+++ Data records

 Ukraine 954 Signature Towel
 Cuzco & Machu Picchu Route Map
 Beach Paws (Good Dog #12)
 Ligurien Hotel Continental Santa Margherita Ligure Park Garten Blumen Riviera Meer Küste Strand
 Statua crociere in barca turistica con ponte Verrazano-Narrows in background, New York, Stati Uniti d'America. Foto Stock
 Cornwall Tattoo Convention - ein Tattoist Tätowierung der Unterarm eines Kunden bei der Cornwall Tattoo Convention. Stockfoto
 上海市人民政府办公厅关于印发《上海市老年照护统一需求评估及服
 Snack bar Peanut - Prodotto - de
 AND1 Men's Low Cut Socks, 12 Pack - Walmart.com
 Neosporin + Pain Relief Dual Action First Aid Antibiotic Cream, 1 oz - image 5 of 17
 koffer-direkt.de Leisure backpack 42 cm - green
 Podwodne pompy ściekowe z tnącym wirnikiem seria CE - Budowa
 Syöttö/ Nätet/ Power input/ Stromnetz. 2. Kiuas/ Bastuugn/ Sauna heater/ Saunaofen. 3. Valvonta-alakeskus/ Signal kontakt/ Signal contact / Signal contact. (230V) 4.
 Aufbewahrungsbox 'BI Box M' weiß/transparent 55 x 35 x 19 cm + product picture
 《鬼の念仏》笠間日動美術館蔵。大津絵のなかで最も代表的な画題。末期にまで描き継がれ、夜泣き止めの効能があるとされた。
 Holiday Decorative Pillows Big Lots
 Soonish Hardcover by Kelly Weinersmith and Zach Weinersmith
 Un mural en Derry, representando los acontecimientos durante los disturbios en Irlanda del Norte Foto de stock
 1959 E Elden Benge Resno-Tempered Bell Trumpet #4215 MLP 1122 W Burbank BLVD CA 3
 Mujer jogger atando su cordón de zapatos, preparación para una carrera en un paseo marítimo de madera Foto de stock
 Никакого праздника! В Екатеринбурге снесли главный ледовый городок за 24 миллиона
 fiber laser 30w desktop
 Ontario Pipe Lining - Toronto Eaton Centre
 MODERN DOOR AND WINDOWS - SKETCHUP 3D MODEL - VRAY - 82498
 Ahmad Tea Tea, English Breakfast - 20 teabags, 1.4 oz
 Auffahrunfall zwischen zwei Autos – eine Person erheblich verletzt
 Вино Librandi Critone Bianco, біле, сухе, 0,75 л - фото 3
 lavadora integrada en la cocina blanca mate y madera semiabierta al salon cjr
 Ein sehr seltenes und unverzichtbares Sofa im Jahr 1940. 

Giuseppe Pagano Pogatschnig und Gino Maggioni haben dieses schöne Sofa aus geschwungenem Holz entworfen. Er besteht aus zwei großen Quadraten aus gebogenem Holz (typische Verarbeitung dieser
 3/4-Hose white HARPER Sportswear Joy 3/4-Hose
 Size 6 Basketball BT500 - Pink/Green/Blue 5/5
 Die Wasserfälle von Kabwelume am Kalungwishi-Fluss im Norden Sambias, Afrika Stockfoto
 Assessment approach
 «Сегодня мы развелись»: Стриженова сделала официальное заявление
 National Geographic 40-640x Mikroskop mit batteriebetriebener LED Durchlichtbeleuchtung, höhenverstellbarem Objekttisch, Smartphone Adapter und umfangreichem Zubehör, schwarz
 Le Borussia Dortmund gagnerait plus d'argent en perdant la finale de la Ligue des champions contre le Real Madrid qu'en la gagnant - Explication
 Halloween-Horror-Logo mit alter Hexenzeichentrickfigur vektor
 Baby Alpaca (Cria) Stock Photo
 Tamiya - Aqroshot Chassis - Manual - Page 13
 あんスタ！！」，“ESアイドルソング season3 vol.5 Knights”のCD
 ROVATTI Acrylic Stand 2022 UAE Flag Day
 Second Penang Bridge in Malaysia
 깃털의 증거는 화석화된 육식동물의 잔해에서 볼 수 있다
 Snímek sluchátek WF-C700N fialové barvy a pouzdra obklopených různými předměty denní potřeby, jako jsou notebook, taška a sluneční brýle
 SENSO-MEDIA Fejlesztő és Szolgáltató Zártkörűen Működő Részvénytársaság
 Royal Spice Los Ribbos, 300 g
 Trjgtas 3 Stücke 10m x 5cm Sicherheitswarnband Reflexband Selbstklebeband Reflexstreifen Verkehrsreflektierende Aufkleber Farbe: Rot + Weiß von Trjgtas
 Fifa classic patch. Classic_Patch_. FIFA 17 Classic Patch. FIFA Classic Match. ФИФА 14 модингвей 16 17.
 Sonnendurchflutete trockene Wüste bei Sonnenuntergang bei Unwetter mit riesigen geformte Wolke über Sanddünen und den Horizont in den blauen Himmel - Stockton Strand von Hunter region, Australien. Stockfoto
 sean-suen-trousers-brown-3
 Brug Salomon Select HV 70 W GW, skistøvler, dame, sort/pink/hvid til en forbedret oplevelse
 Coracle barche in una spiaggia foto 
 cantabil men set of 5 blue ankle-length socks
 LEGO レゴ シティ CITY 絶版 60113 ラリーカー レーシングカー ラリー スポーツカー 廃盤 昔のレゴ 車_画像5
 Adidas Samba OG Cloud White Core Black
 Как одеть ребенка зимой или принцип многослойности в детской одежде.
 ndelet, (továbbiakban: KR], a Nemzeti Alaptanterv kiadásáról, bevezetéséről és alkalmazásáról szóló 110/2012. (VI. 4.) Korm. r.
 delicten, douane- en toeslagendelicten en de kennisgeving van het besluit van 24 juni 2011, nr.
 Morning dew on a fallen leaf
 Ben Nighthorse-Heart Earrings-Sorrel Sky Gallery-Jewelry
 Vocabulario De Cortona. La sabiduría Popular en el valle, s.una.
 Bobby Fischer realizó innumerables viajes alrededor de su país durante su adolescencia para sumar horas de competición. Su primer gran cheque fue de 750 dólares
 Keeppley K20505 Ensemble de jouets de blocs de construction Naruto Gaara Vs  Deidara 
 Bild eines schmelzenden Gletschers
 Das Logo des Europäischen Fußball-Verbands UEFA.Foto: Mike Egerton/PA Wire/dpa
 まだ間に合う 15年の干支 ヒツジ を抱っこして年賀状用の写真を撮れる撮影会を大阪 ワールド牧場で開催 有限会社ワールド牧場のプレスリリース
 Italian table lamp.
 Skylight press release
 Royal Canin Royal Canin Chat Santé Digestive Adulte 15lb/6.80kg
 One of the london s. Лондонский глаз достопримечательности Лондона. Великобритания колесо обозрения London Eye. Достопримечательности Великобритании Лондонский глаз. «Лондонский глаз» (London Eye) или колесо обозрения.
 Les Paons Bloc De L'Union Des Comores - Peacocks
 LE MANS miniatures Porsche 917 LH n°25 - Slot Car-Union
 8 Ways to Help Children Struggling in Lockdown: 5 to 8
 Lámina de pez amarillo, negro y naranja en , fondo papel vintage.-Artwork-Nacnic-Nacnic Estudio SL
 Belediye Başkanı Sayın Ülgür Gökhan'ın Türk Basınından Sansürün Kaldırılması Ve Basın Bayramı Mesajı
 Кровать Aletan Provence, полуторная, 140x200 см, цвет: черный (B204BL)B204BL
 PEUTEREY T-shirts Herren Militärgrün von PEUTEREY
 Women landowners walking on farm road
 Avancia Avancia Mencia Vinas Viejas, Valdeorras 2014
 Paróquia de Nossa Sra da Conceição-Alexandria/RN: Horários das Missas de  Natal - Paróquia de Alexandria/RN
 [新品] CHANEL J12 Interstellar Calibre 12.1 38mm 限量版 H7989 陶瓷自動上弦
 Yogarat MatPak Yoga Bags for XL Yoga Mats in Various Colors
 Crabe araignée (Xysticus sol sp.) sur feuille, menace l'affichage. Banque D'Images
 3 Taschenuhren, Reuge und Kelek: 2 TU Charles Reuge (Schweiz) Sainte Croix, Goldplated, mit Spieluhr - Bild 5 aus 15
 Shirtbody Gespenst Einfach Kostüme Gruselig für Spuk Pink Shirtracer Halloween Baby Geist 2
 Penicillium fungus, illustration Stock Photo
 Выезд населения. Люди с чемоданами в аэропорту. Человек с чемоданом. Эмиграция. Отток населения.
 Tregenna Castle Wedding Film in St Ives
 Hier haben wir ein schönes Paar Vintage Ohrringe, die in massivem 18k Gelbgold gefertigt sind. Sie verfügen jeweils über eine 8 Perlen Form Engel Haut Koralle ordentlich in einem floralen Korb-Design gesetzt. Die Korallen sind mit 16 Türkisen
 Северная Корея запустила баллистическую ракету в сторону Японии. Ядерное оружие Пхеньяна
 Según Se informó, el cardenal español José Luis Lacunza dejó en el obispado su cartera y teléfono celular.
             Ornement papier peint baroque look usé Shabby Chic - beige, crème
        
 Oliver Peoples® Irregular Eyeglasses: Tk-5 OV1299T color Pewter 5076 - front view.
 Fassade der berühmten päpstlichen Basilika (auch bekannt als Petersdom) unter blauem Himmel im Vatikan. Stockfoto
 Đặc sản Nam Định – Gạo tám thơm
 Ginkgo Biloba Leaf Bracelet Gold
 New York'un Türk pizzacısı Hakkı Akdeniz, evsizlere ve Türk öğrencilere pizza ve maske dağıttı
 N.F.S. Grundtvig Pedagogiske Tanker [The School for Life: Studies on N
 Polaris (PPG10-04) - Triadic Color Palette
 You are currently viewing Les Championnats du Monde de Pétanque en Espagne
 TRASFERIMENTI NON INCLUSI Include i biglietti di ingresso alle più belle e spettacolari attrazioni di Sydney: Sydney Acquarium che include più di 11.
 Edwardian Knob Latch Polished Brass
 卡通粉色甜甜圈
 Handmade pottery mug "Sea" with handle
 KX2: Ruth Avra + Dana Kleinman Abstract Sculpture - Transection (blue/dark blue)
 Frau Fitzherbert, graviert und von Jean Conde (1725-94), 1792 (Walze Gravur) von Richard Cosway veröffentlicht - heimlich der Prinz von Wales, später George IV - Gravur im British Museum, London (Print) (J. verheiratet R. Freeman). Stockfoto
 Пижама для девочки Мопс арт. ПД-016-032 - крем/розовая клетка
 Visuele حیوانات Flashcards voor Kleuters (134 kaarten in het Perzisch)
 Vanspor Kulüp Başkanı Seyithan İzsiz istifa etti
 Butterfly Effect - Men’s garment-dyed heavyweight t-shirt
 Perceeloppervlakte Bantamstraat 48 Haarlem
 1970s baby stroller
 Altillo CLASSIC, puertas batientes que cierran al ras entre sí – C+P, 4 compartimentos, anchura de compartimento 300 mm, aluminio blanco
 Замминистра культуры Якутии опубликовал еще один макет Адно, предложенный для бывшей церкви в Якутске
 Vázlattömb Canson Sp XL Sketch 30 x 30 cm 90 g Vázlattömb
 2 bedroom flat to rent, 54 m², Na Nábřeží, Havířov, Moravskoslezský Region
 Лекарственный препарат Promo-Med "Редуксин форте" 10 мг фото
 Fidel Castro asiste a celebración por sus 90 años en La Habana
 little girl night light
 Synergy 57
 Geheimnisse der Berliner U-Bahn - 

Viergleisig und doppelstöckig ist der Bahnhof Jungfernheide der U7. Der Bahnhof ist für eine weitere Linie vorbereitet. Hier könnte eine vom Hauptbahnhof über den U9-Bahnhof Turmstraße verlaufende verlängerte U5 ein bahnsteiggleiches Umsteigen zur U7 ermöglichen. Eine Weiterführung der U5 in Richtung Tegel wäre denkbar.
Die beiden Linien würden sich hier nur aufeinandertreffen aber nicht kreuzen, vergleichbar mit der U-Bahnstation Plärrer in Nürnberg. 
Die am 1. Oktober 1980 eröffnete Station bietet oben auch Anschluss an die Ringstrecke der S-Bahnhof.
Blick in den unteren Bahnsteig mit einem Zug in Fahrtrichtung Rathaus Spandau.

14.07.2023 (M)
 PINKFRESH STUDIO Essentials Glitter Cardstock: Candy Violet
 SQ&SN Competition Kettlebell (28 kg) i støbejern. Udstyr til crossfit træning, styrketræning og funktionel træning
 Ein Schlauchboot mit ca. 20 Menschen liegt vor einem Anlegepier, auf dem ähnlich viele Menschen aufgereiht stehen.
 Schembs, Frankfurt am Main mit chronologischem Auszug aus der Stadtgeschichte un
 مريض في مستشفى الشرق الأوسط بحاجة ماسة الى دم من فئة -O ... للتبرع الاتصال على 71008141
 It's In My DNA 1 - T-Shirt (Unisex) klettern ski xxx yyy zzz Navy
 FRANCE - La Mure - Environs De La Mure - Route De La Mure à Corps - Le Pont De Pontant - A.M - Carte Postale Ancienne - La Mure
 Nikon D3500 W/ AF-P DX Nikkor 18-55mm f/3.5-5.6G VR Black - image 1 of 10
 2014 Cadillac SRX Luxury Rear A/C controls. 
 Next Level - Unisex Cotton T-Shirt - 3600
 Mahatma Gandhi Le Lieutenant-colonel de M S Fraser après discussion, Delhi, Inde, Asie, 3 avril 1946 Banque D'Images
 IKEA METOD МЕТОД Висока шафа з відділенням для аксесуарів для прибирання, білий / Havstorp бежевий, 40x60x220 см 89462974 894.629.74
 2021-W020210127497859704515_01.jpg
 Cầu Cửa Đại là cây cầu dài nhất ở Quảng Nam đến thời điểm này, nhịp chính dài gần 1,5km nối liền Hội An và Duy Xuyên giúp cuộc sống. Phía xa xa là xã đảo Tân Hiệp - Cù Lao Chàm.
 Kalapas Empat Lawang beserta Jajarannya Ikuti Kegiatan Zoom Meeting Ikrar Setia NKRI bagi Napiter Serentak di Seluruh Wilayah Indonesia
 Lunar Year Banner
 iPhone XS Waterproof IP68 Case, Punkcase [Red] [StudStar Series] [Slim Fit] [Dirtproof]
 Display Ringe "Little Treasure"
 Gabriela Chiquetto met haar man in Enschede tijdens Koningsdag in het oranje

++++++

_Problem to solve:_
Using the entries above, repeat only the lines from the one containing "Oliver Peoples® Irregular" through the one containing "KX2: Ruth Avra", end lines included.

_Solution below:_
 Oliver Peoples® Irregular Eyeglasses: Tk-5 OV1299T color Pewter 5076 - front view.
 Fassade der berühmten päpstlichen Basilika (auch bekannt als Petersdom) unter blauem Himmel im Vatikan. Stockfoto
 Đặc sản Nam Định – Gạo tám thơm
 Ginkgo Biloba Leaf Bracelet Gold
 New York'un Türk pizzacısı Hakkı Akdeniz, evsizlere ve Türk öğrencilere pizza ve maske dağıttı
 N.F.S. Grundtvig Pedagogiske Tanker [The School for Life: Studies on N
 Polaris (PPG10-04) - Triadic Color Palette
 You are currently viewing Les Championnats du Monde de Pétanque en Espagne
 TRASFERIMENTI NON INCLUSI Include i biglietti di ingresso alle più belle e spettacolari attrazioni di Sydney: Sydney Acquarium che include più di 11.
 Edwardian Knob Latch Polished Brass
 卡通粉色甜甜圈
 Handmade pottery mug "Sea" with handle
 KX2: Ruth Avra + Dana Kleinman Abstract Sculpture - Transection (blue/dark blue)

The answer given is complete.